Expected of Each Data Set
Each data set should be usable in a database, and should have variables with which the data set can be merged with other data sets. Barring that, the data should be geocoded (tagged with geographic positioning data, such as latitude and longitude, or state plane coordinates).
To ensure these data are useful without additional munging, the following should be true:
- the columns are delimited consistently or (less desirable) column separated correctly
- variable types aren't mixed within columns (no text in integer columns, etc.)
- Text strings are quoted (but this isn't strictly required, provided the text isn't comma-separated)
- Ideally, there is exactly one header row, but it's reasonable for some datasets to have two-line records OR lack any header row, provided there is a correct codebook
Has a unique identifier or a combination of columns that can be assembled into a unique identifier (day/date/month, e.g.)
Has a codebook describing each data variable (field), variable type, and, where needed, column width
The user/committer has actually imported the data and confirmed that it worked without errors
What's Missing? Is It Useful?
It's possible that the data are usable but less useful than they could be, if, for instance, the data were in a different format, or if they contained an additional variable or level of analysis. A "wish list" for reasonable changes or upgrades is also potentially useful for the data catalog, moving forward.
Additionally, a measure of usability is valuable. Please tag each data set with "usable", "unusable", "needs repair", etc.
Issue / Data fetching script
If you want to play around, or even use this data script for something else, you can clone the repo and use composer to install the dependencies.

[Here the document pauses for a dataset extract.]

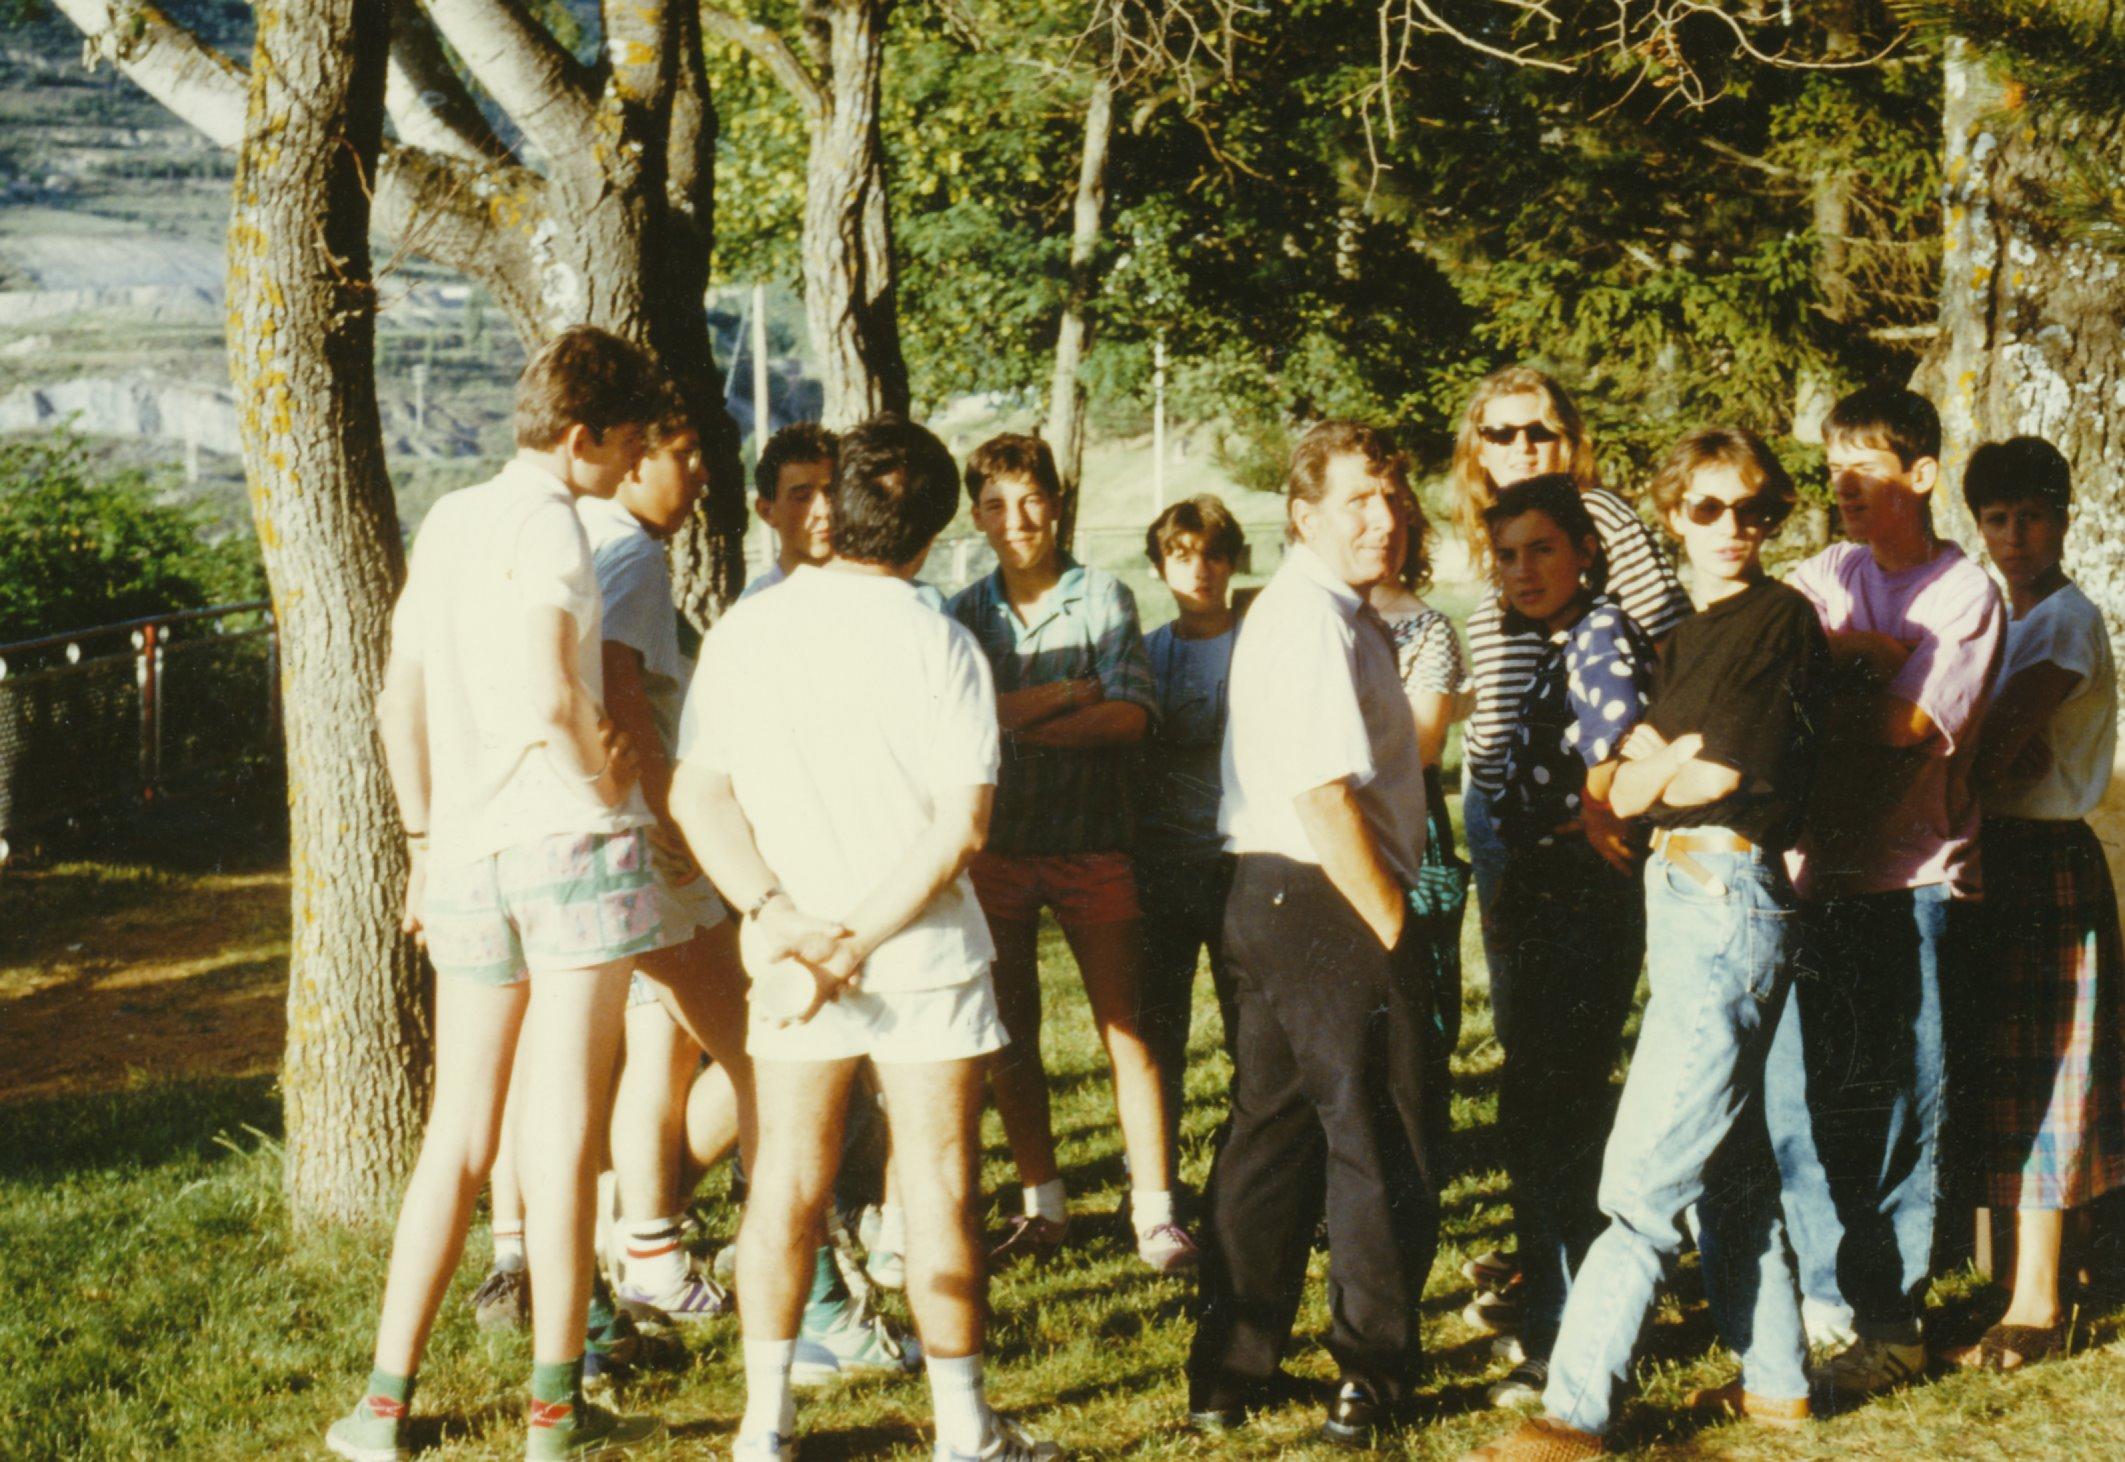 Archives anciens élèves mfr puy-sec 1989 (10)

$ git clone email@example.com:OpenDenton/City-of-Denton-Datasets.git
If you don't have composer installed, download that first.
$ brew install composer
$ curl -s http://getcomposer.org/installer | php
Then install the dependencies from the root of the repository.
$ composer install
From here, you'll need to generate a new Github token, and replace the demo token in the script.
$token = 'NEW TOKEN HERE';
unusable: any of a list of conditions that prevent the data from being used --
- the data set cannot be read by a computer program
- there are no definitions for variables
- text data are not represented by either ASCII or Unicode
complete: includes code book, machine-usable data, no missing data, and the columns match the data and expected data types
incomplete: missing some element that make the data imperfect or difficult to use; potentially usable but, obviously, not totally finished
gis: data include a geographic (whether or not they are geocoded) component
nocodebook: it is not possible to know what the values in a given column mean, for certain, because there is no supporting documentation for the data set
xls: data are in some Excel version format
text: data are provided in an ASCII text format
needsupdate: for time series data, are there missing years (especially the most recent years)?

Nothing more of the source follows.